Rolemaster is a fantasy role-playing game system that has been characterized as highly complex, with a large number of charts and tables to be consulted for every action.

===Character creation and development===
Rolemaster characters have ten attributes such as physical strength, memory, self-discipline, and agility with scores between 1 and 100. These scores can be determined either through a point-buy system or randomly. Each attribute is then used to derive relevant skill bonuses.

Skills are purchased in Ranks; the more ranks a character has in a skill, the more able they are at actions covered by that skill.

===Task resolution===
When a player wishes to attempt an action, the player rolls percentile dice, applies relevant modifiers, and looks the result up on the appropriate chart to determine the result.

===Combat===
An attacking combatant rolls percentile dice, adds their Offensive Bonus to the total, adds modifiers, and subtracts the defender's Defensive Bonus.
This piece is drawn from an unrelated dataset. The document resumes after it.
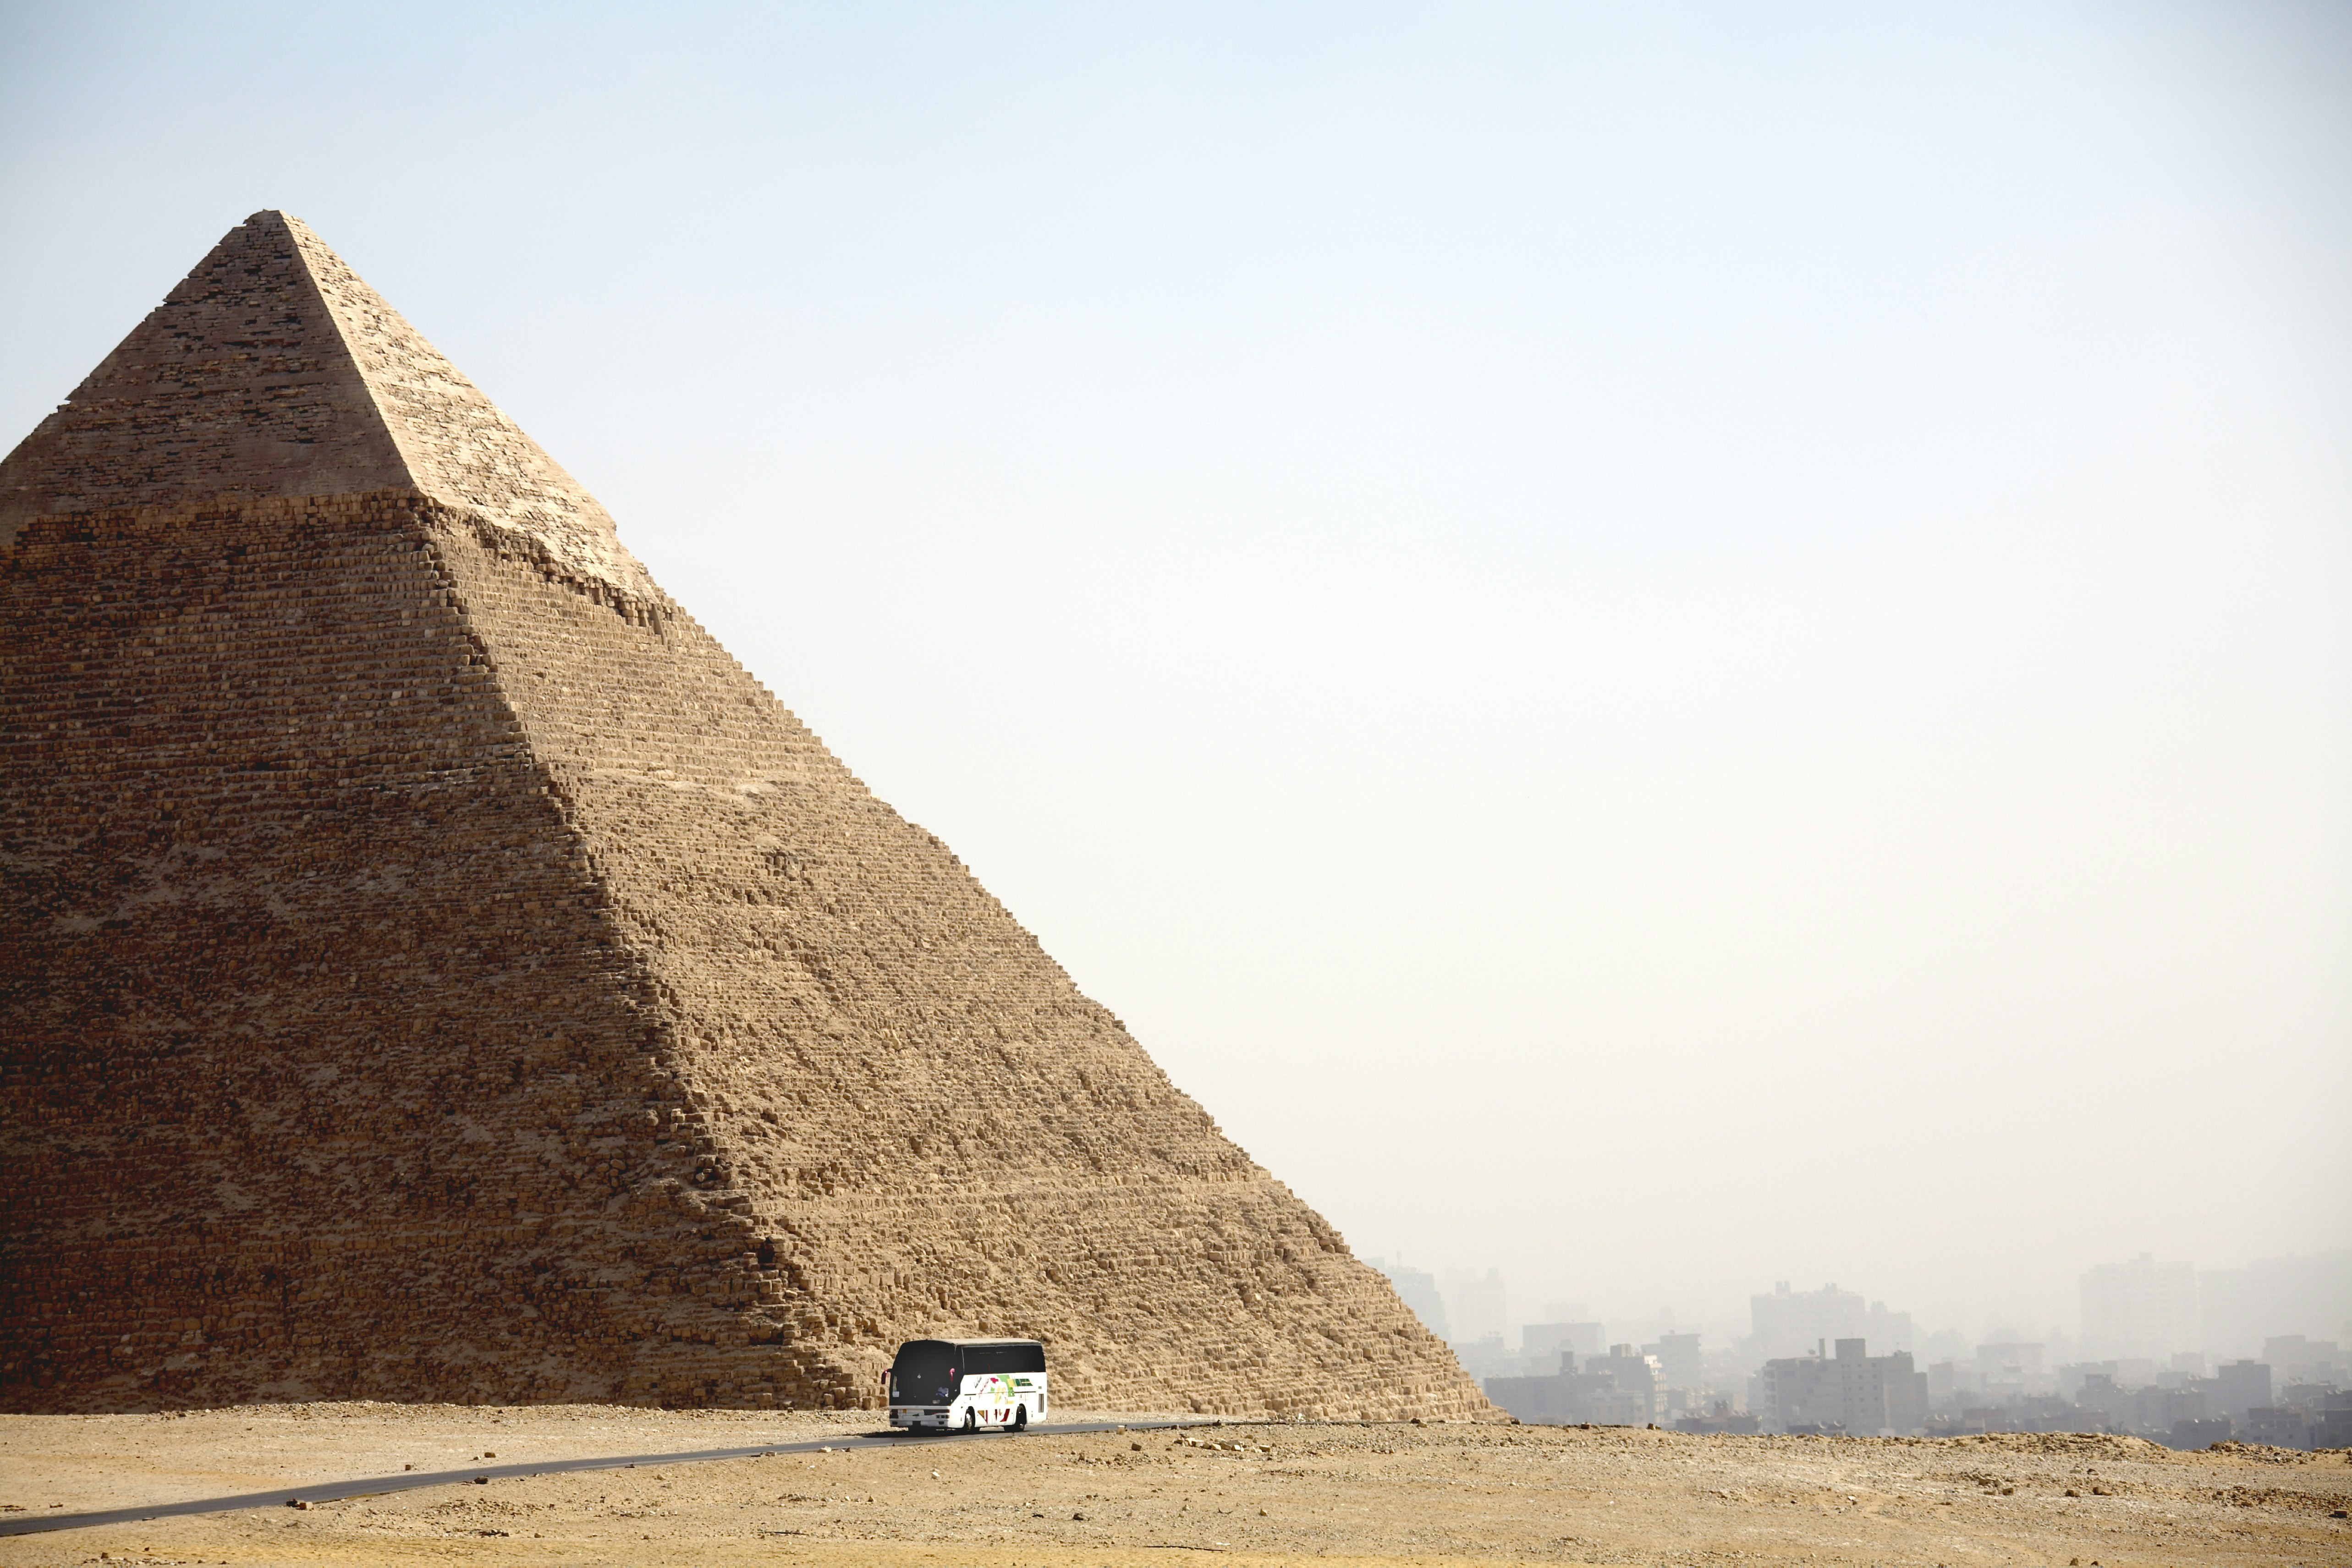 A tourist coach drives past a Pyramid in Cairo, Egypt.

The total is then applied to a table for the attacker's weapon. The attack total is cross-indexed with the type of armor (if any) worn by the defender and the result will be a number of concussion hits dealt, which are then subtracted from the defender's running total. If sufficient hits are dealt, the defender may become unconscious.
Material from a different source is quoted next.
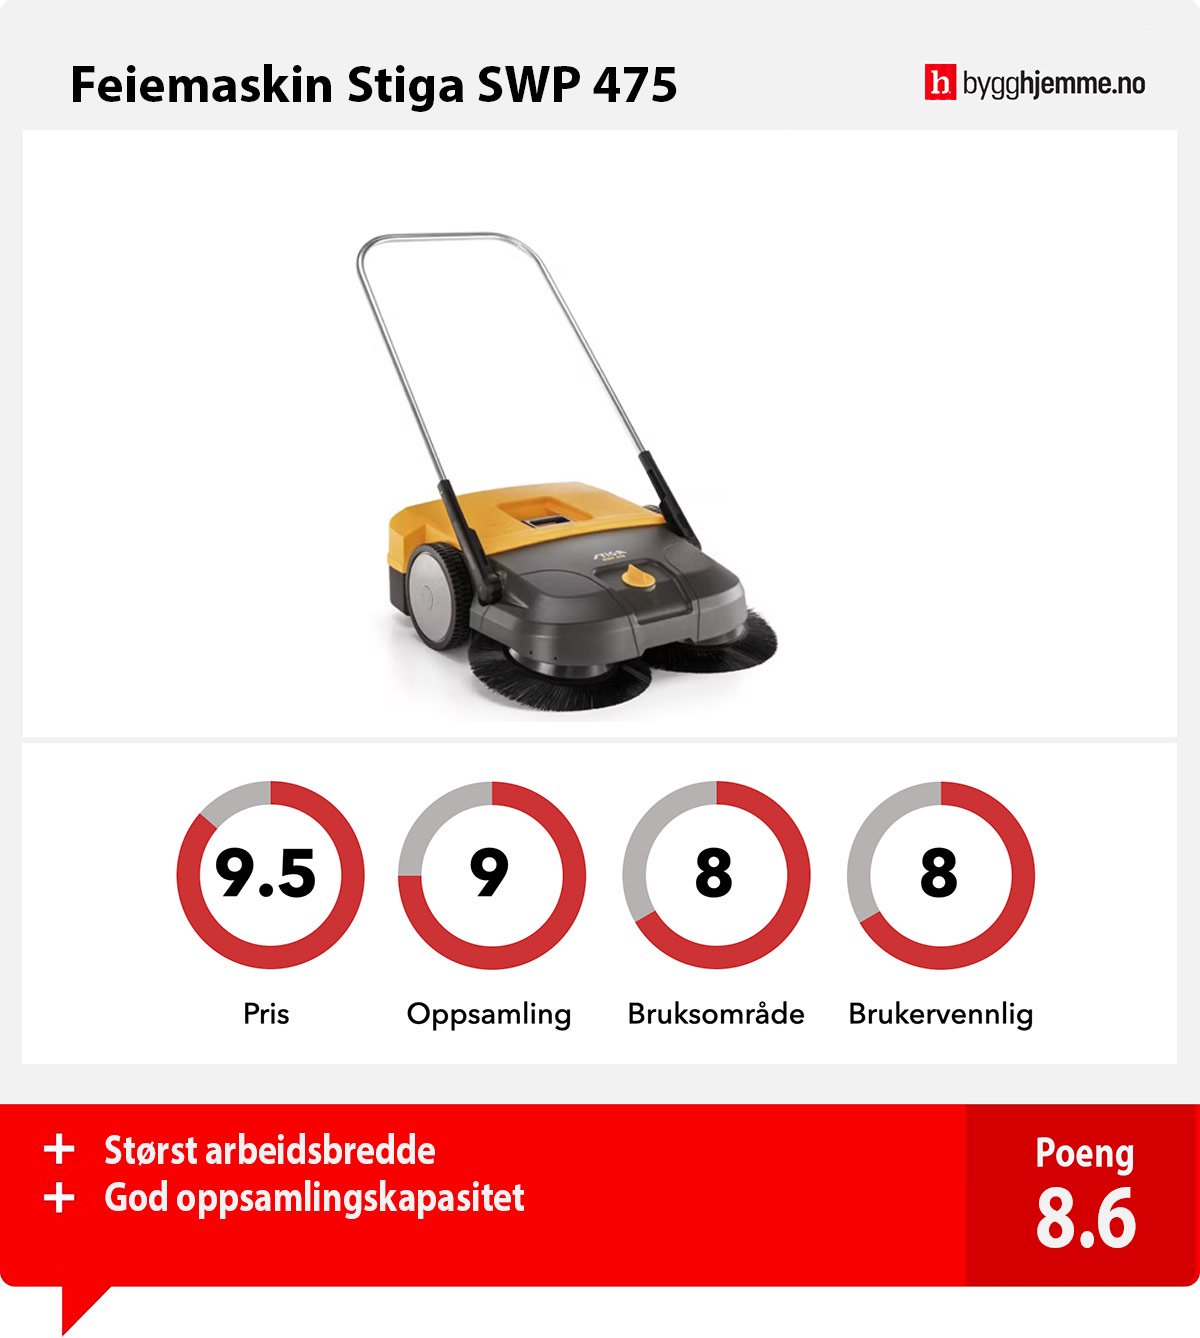 Feiemaskin Stiga SWP 475

In addition to concussion hits, some dice rolls will result in a critical hit, which can vary in type and severity. The system of tables details what part of the body has been damaged, describing, as one reviewer noted, "various horrific wounds in graphic detail."

== Publication history==
Rolemaster has had several editions, with three lines currently maintained in parallel.
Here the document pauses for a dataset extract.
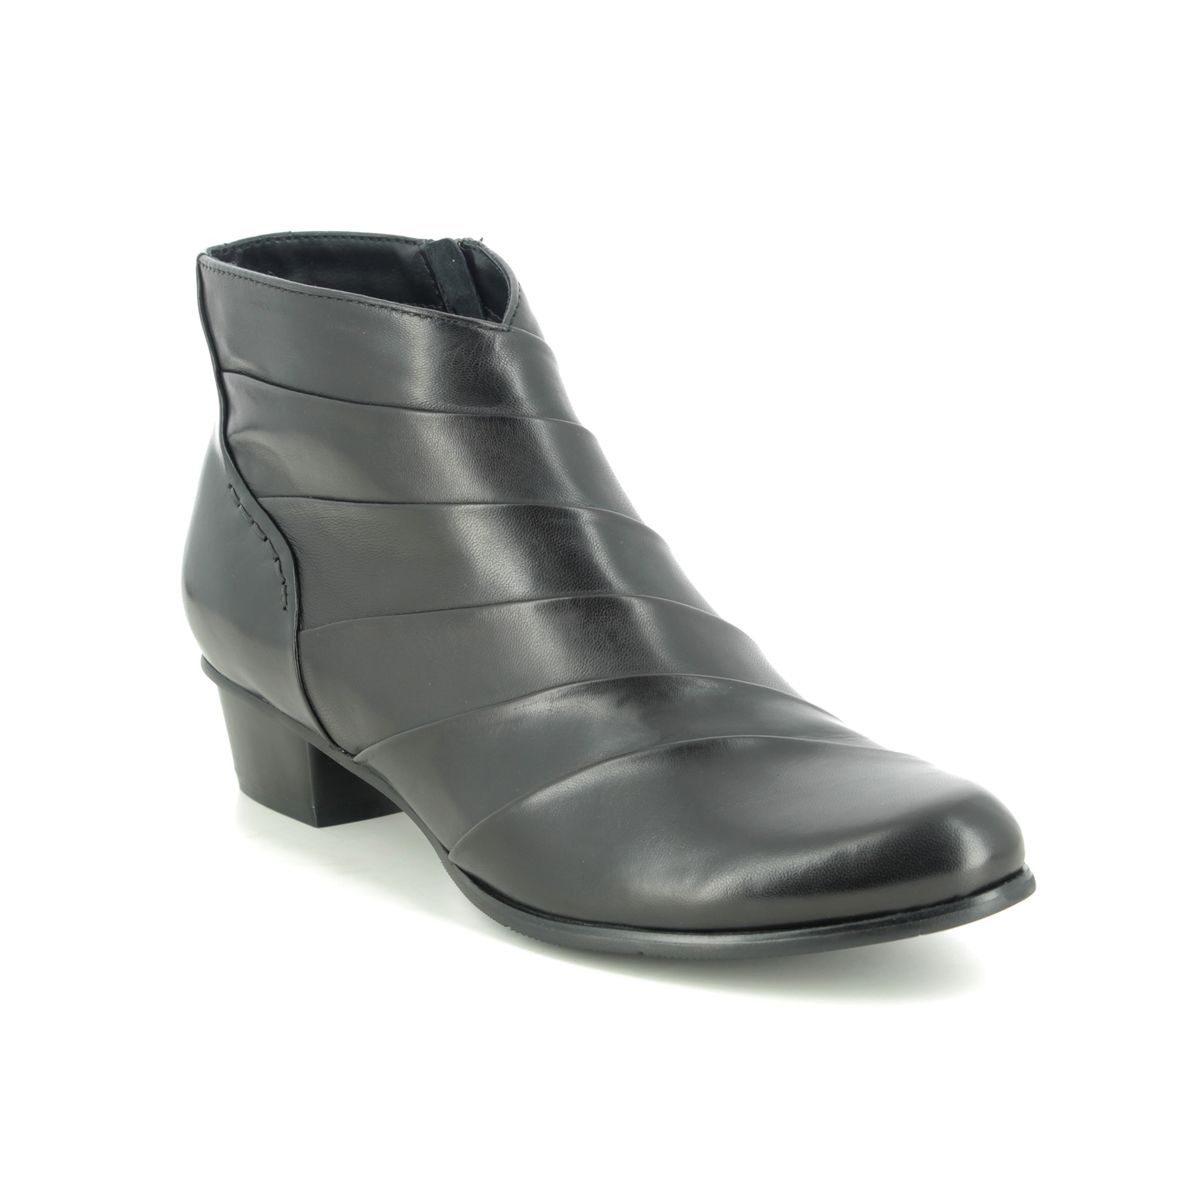 Regarde le Ciel Stefany 293 0293-003 Black leather Ankle Boots

=== First edition (RM1): 1980–1982 ===
The original Rolemaster grew out of house rules developed by Pete Fenlon, S. Coleman Charlton, and Kurt Fischer during a Middle-earth-set Dungeons & Dragons campaign at the University of Virginia in the late 1970s. After graduating in 1980, the group founded Iron Crown Enterprises to publish the rules. The first edition consists of five books: Arms Law (1980), Spell Law (1981), Claw Law (1982), Character Law (1982), and Campaign Law (1984), initially marketed as modular add-ons for Advanced Dungeons & Dragons before being bundled as a standalone system.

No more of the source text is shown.